In the present invention, the firing and sintering can be performed simultaneously in the same furnace by putting together the sludge to be fired and the sintered stone to be sintered in the sintering furnace without having to make a separate firing furnace for stabilizing the wastewater sludge. In other words, if the brick to be sintered is placed in the upper part of the high temperature sintering furnace and the sludge to be baked in the lower part of the low temperature sintering furnace, firing and sintering occur simultaneously, thereby reducing the manufacturing cost of the product.
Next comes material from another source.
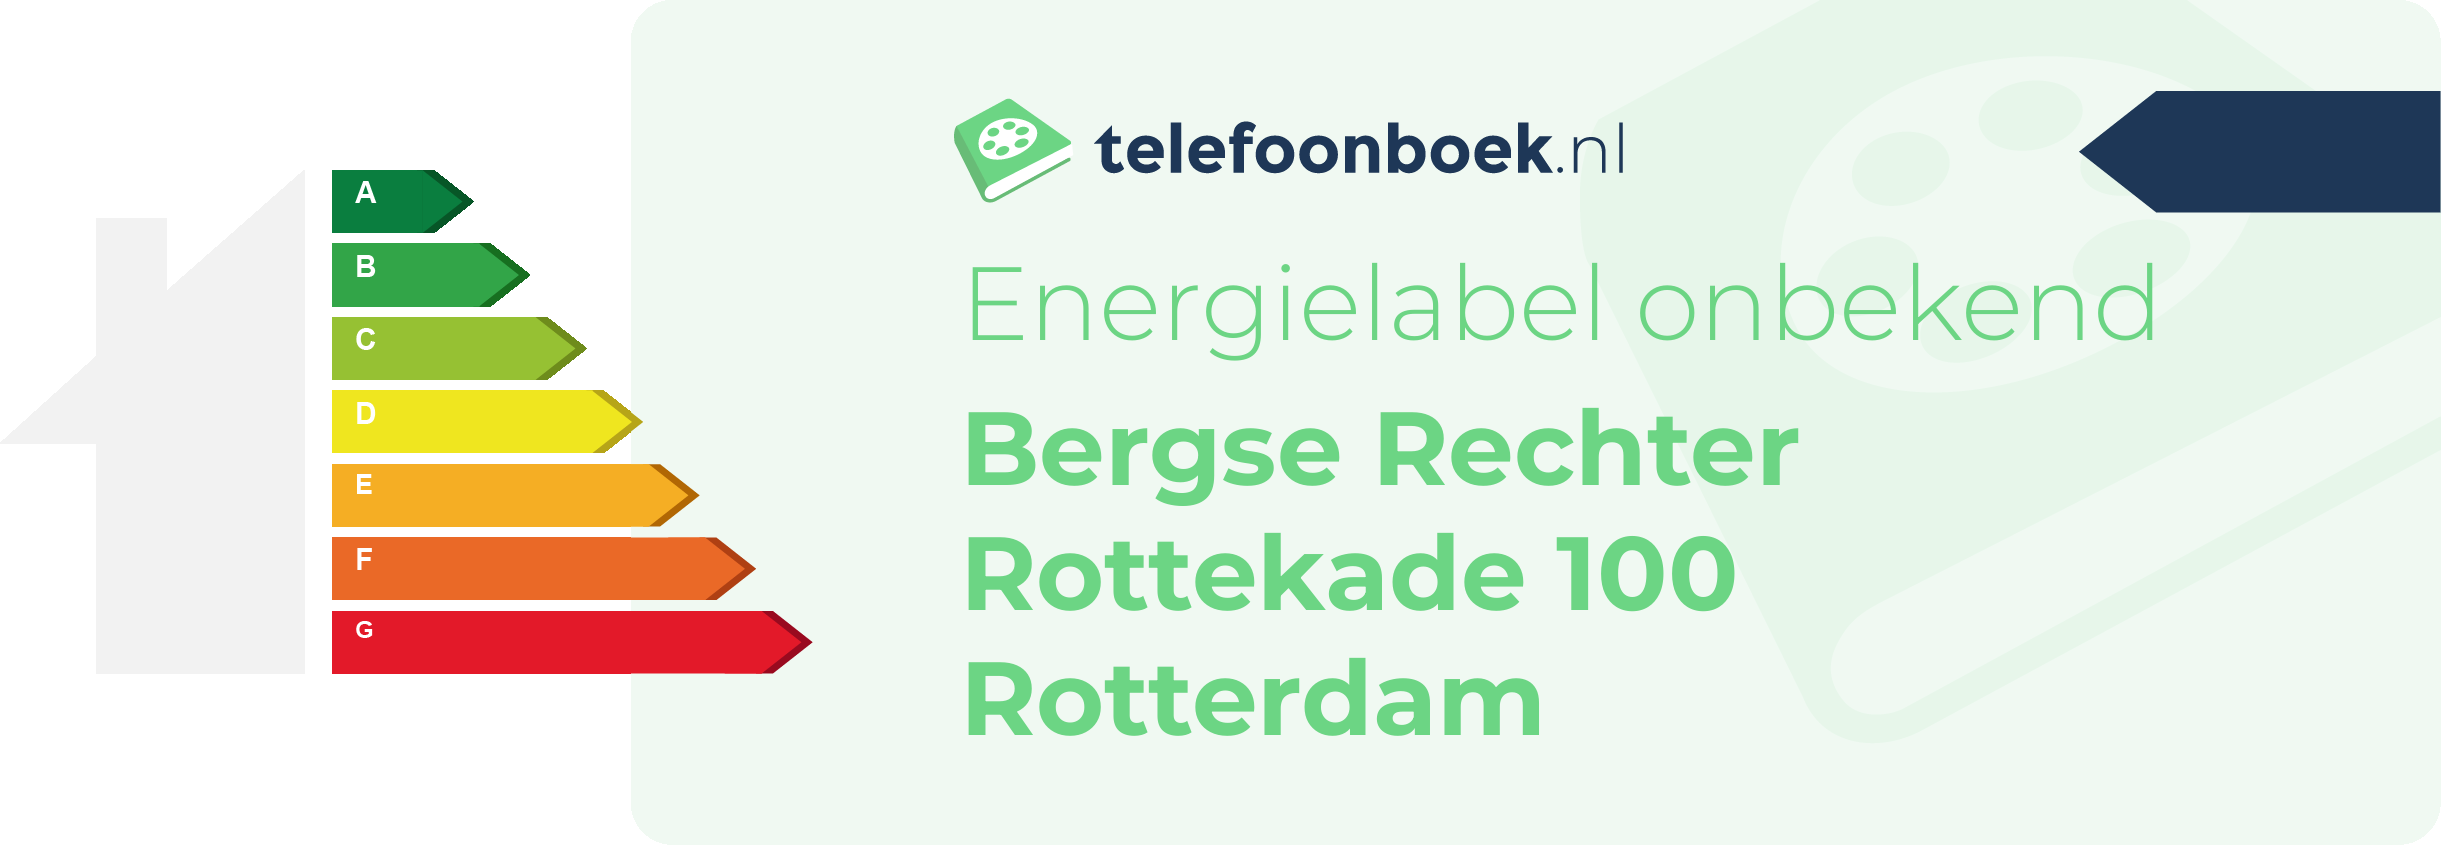 Energielabel Bergse Rechter Rottekade 100 Rotterdam

There is.

Hereinafter, the present invention will be described in more detail with reference to Examples, but the present invention is not limited to the following Examples.

Example 1

Stabilization confirmation test of sludge

The sludge of the fluoric acid wastewater and the crystalline phase of the fluoric acid wastewater sludge calcined at about 900 ° C. for 2 hours were investigated through an X-ray diffraction test (X-ray diffractometer D / Max. IIA manufactured by Rigaku), The results are shown in FIGS. 1 and 2. As can be seen from these figures, the sludge is in the form of a calcium compound of CaF ₂ , and in FIG. 2, the sharp appearance of X-ray diffraction peaks when the sludge calcined product is heated to about 900 ° C. is a CaF ₂ crystal in the sludge calcined product. It shows that it has grown and converted to a stable form.

In order to confirm this fact, the sludge fired material was quantitatively analyzed using an EDX (Energy Dispersive X-ray Spectrometer, Jeol 5400). As a result, it was confirmed that the sludge fired material was composed of 76.77 wt% Ca, 2.32 wt% Mg, 6.67 wt% Si, 7.73 wt% Al, 3.59 wt% Fe and 2.92 wt% Na.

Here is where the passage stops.